§ **Exercise prompt**
Copy exactly, beginning with the line holding "Women's Arnold Scaasi" and ending with the final line of the data beneath this task; copy nothing else, and leave out every picture.

§ **Provided material**
=== Section Start ===

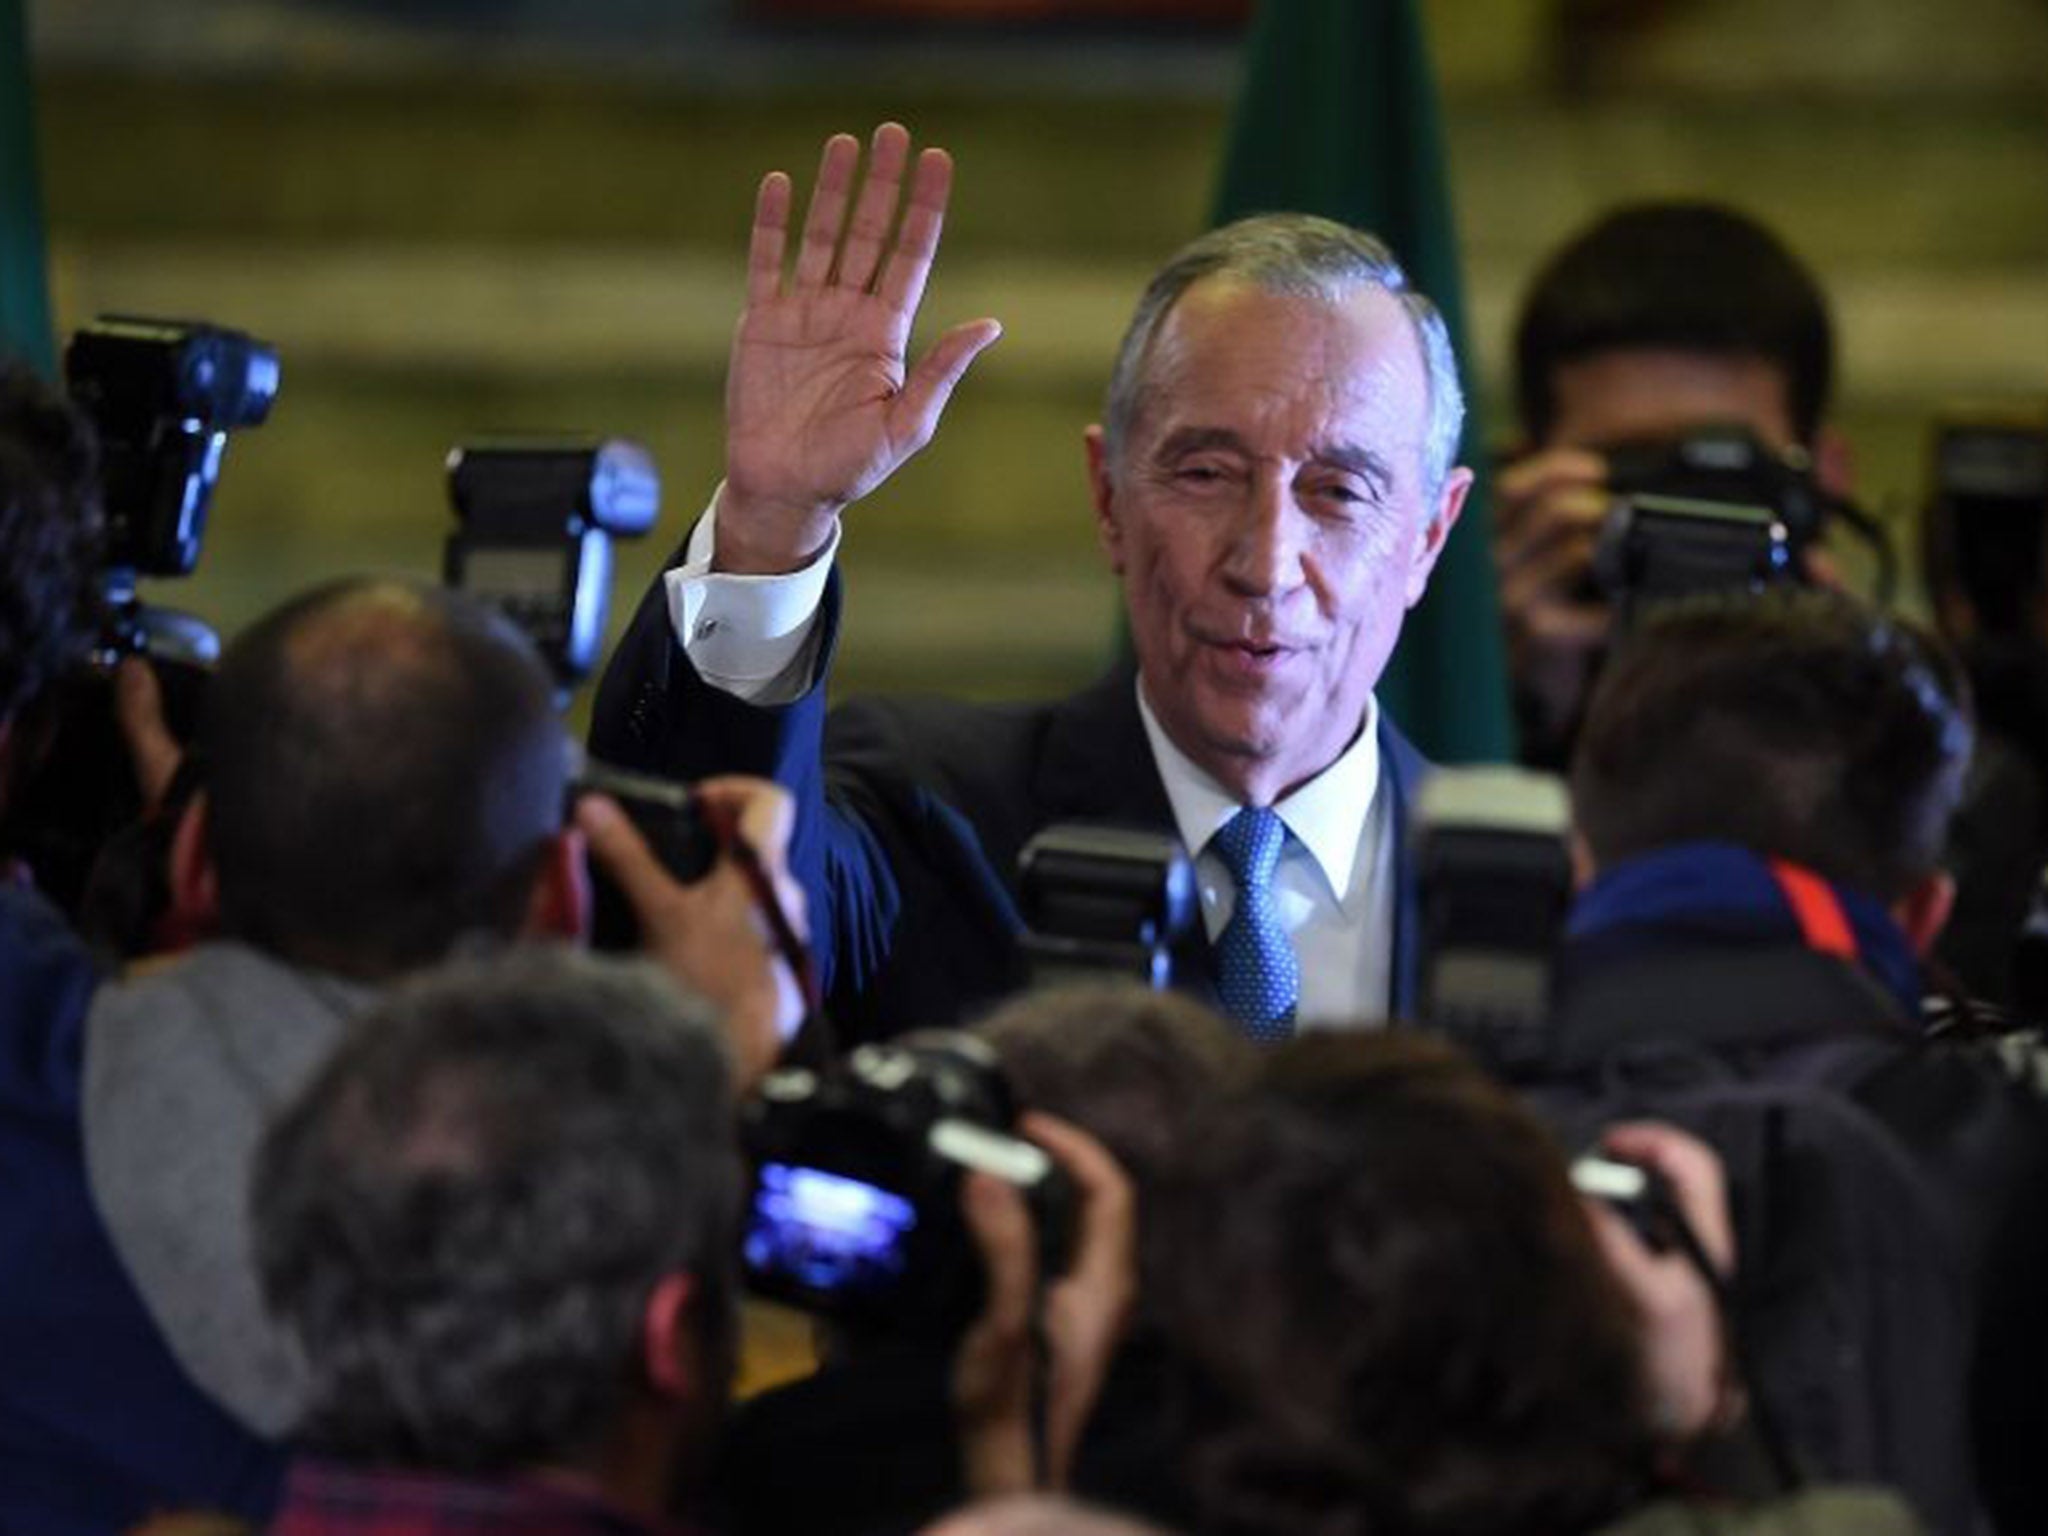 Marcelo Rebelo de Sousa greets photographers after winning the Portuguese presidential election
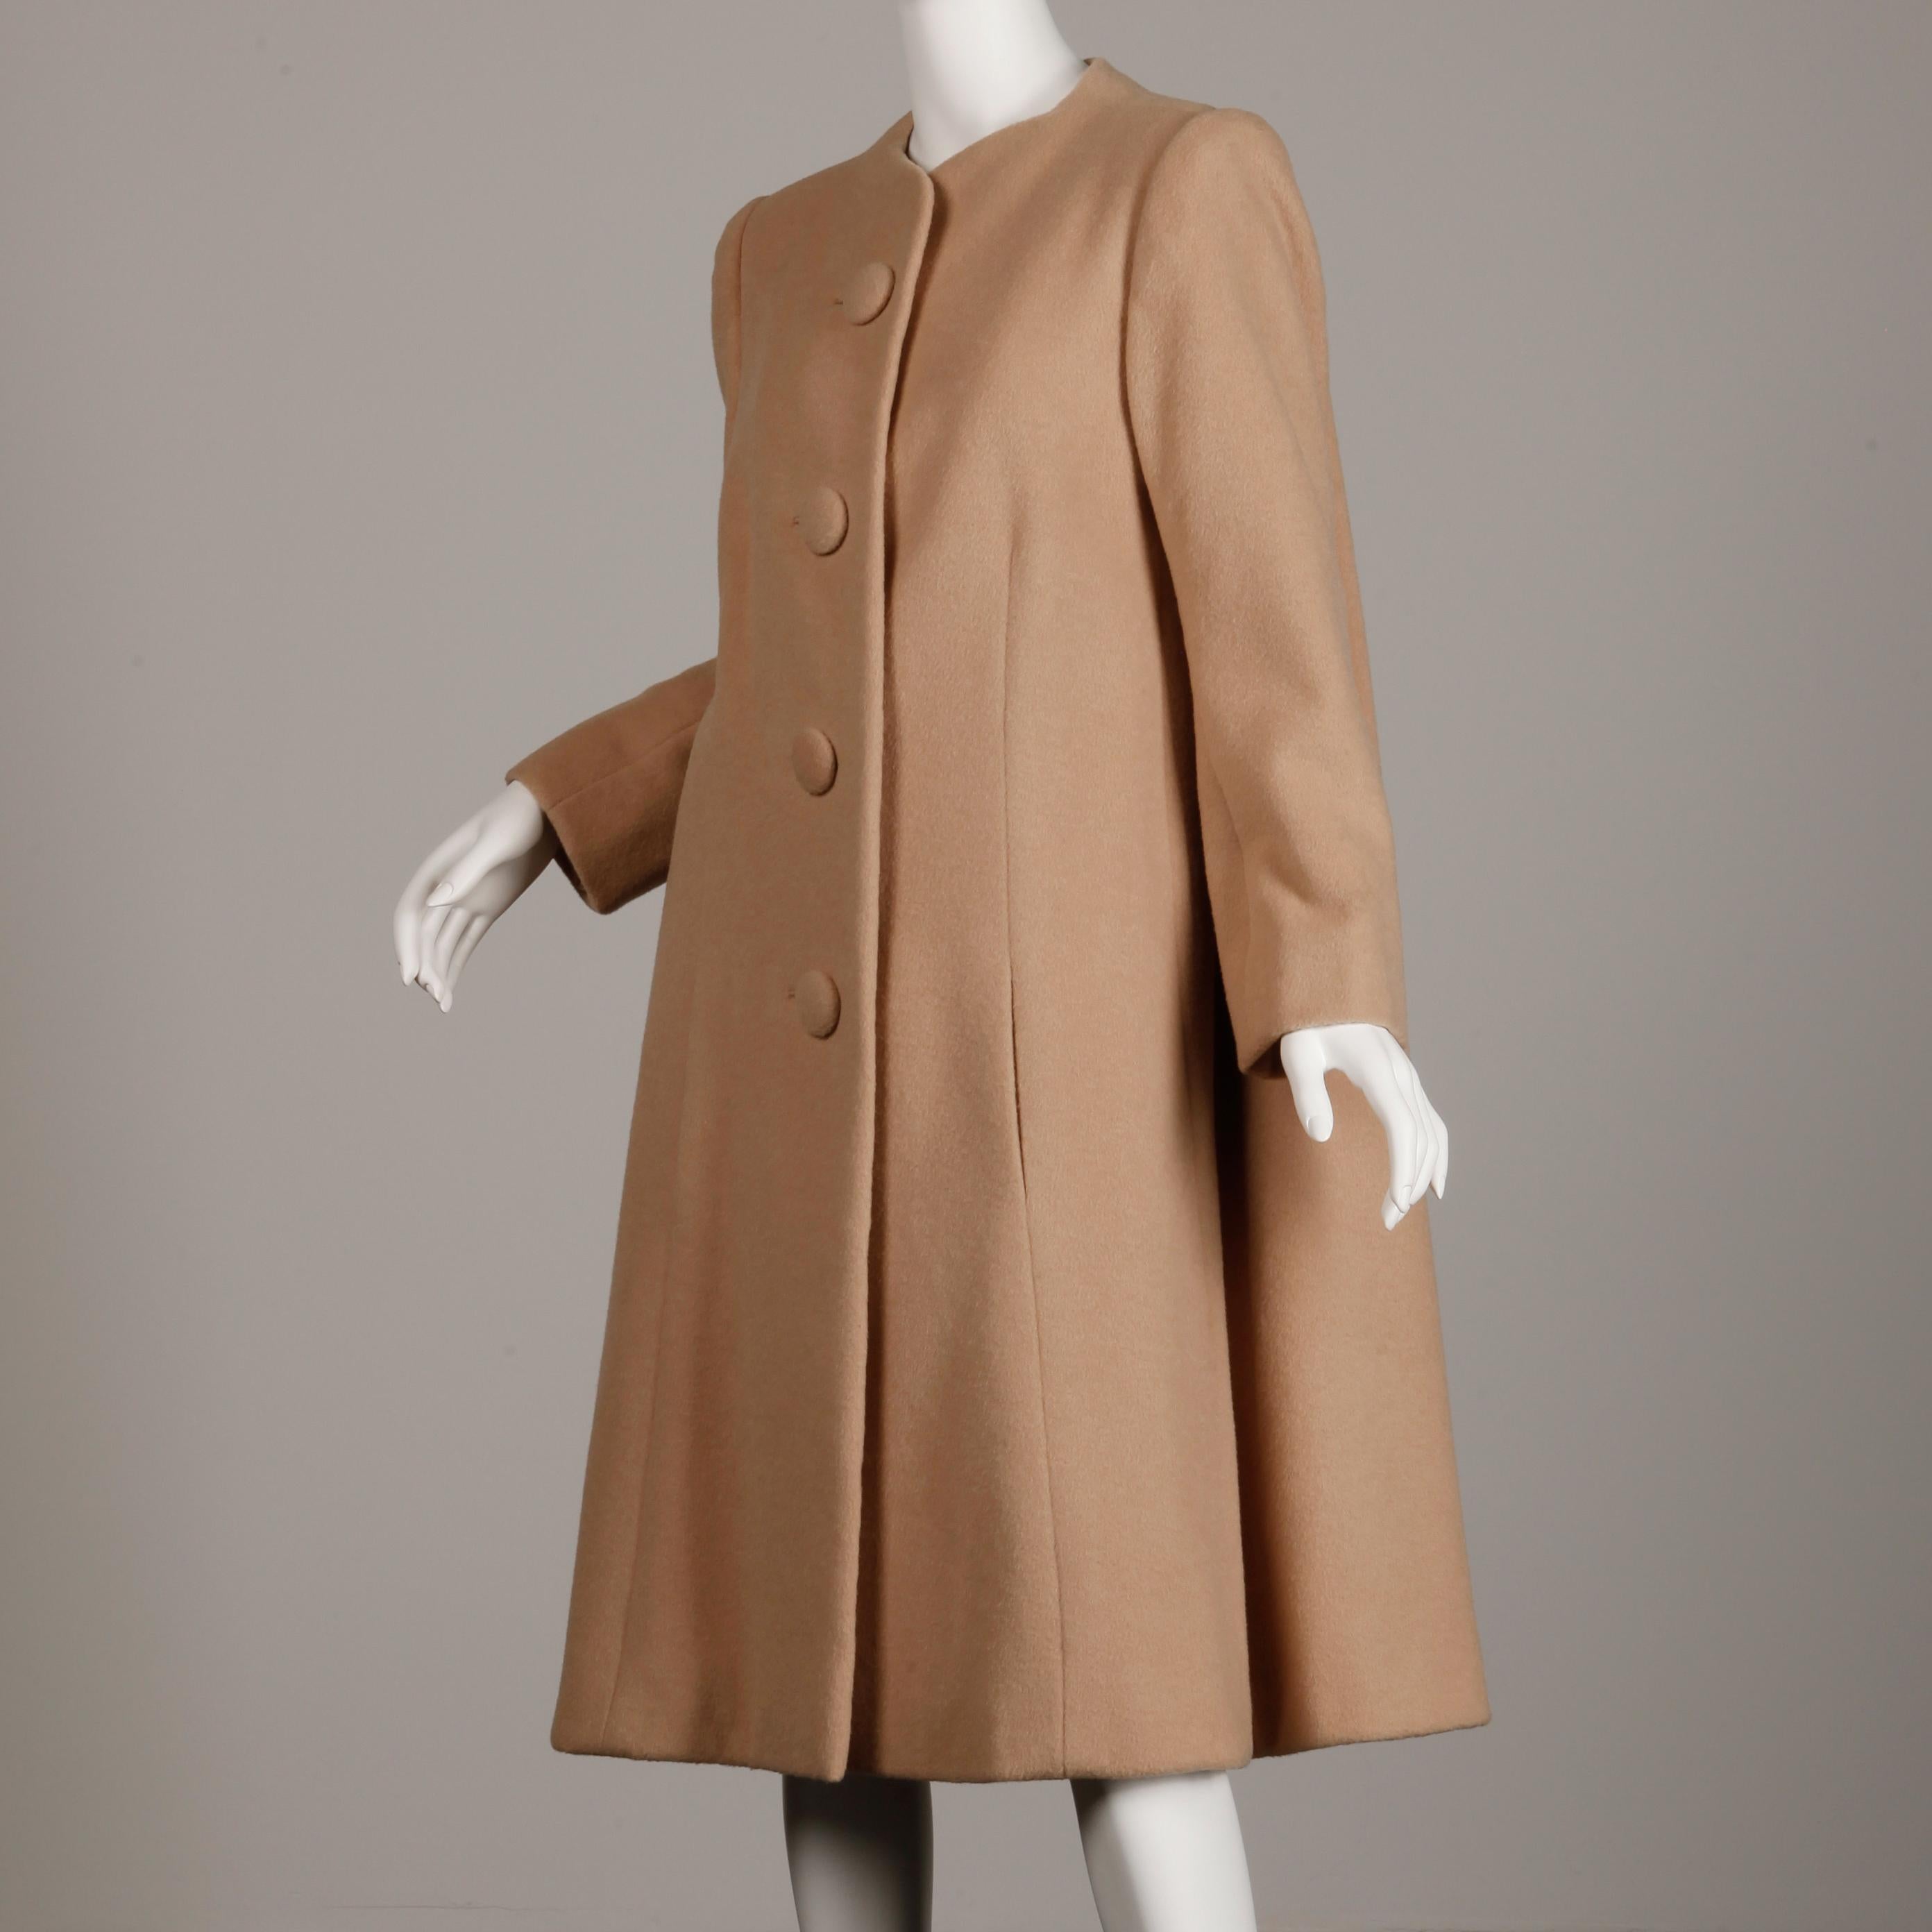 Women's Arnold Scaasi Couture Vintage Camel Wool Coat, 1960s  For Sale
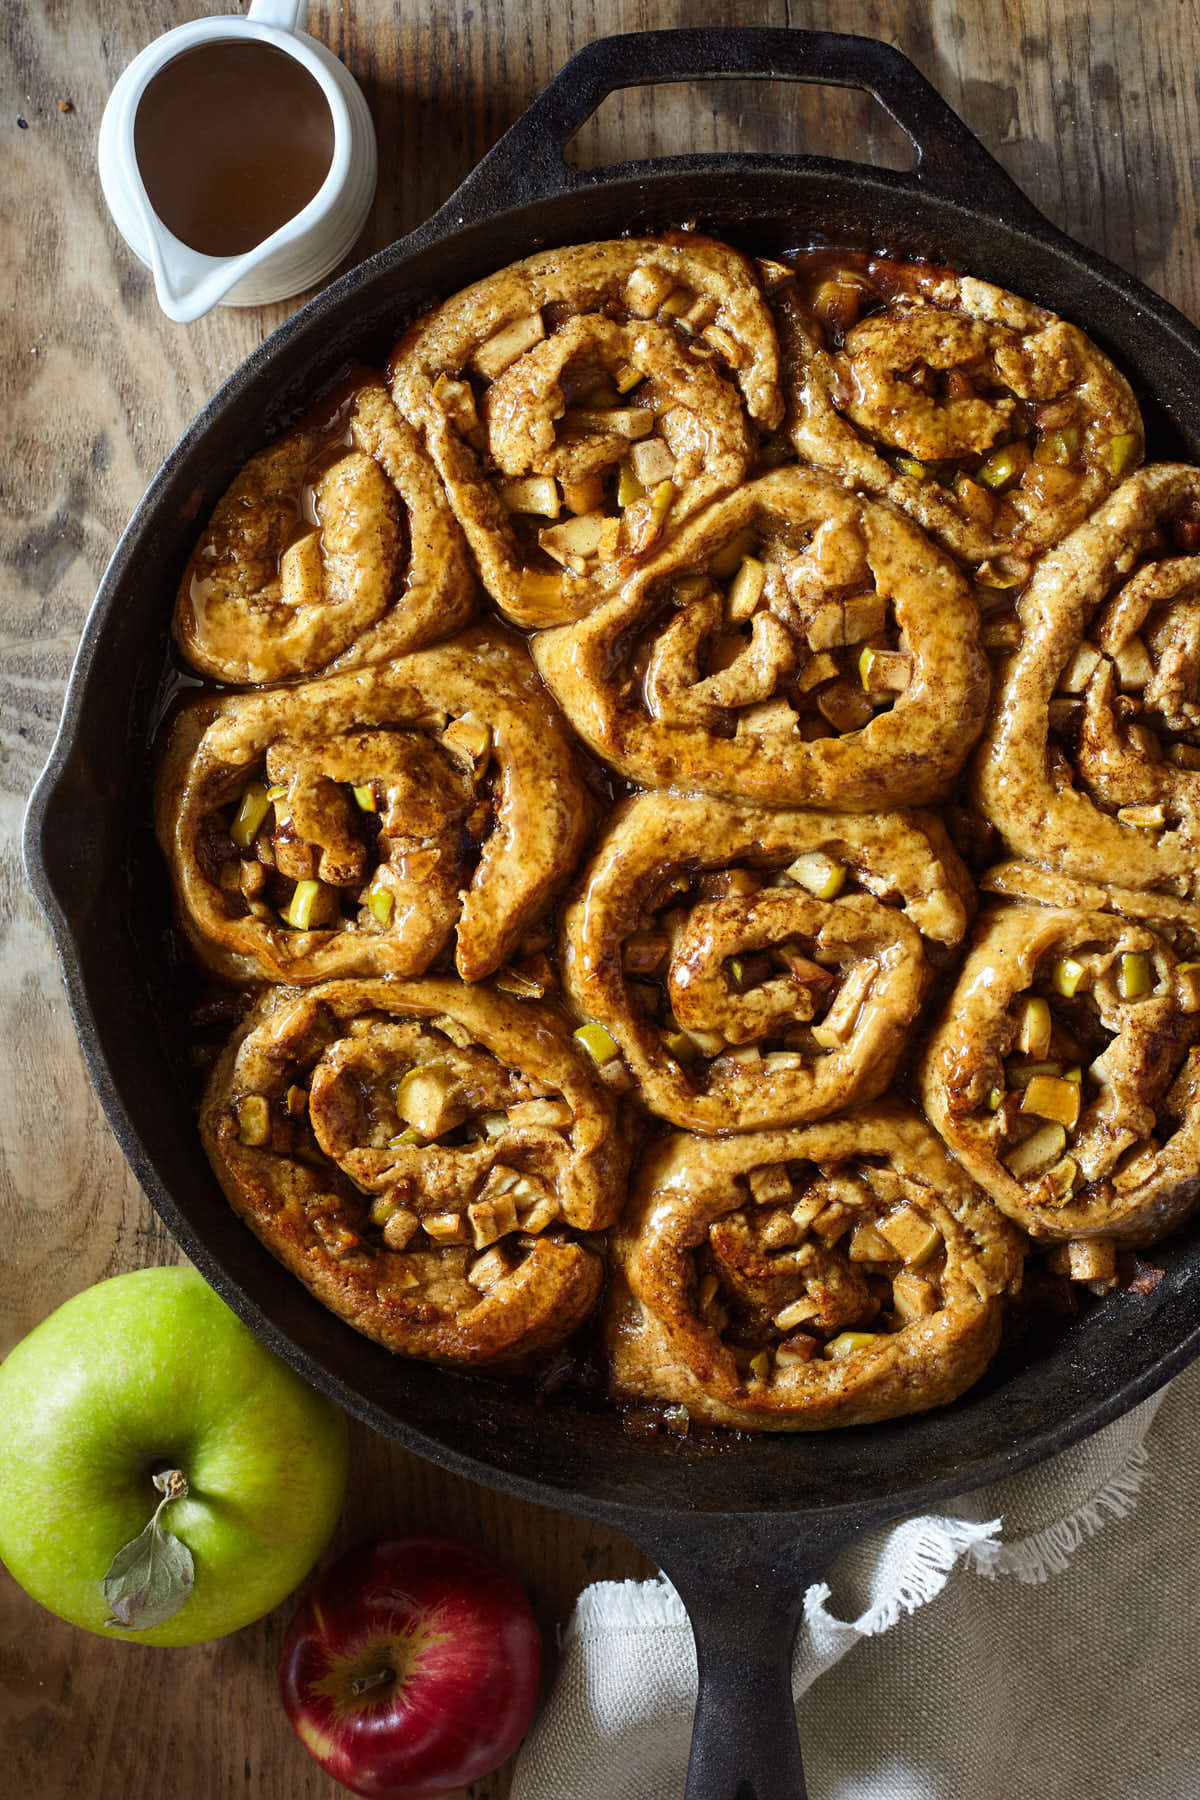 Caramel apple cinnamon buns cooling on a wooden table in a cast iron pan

=== Section End ===

§ **Expected output**
 Women's Arnold Scaasi Couture Vintage Camel Wool Coat, 1960s  For Sale
 Caramel apple cinnamon buns cooling on a wooden table in a cast iron pan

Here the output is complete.